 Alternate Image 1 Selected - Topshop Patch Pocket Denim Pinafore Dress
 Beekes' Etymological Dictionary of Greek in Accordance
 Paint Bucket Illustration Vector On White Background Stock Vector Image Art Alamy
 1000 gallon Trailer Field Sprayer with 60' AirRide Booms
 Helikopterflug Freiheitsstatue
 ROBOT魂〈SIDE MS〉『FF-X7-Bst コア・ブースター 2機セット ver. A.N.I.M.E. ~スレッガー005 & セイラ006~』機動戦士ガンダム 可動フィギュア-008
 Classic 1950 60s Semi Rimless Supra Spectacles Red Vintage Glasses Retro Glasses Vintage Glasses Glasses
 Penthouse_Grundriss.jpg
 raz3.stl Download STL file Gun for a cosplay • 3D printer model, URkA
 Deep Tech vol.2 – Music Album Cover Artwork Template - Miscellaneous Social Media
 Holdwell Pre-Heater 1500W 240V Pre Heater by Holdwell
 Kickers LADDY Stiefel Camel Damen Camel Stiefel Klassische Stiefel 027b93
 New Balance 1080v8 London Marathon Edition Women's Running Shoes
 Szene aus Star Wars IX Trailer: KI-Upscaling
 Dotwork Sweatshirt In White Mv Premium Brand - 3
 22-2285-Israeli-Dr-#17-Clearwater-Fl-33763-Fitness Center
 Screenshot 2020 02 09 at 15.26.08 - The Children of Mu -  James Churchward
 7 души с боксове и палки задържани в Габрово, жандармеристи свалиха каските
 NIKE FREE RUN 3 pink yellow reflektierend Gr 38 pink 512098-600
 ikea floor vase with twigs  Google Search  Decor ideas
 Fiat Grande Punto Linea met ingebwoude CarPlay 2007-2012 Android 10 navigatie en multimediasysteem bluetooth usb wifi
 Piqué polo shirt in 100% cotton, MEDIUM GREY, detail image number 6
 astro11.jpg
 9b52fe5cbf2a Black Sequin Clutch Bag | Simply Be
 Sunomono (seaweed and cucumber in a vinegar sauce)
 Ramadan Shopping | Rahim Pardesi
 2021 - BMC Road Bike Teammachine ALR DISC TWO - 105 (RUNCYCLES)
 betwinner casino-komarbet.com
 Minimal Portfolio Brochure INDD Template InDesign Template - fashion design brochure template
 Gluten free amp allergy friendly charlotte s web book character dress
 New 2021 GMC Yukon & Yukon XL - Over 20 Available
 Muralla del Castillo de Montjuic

Try it: Repeat exactly, please, each line from the beginning of the data through the line with "Helikopterflug Freiheitsstatue" in it, and only those lines.

Finished task:
 Alternate Image 1 Selected - Topshop Patch Pocket Denim Pinafore Dress
 Beekes' Etymological Dictionary of Greek in Accordance
 Paint Bucket Illustration Vector On White Background Stock Vector Image Art Alamy
 1000 gallon Trailer Field Sprayer with 60' AirRide Booms
 Helikopterflug Freiheitsstatue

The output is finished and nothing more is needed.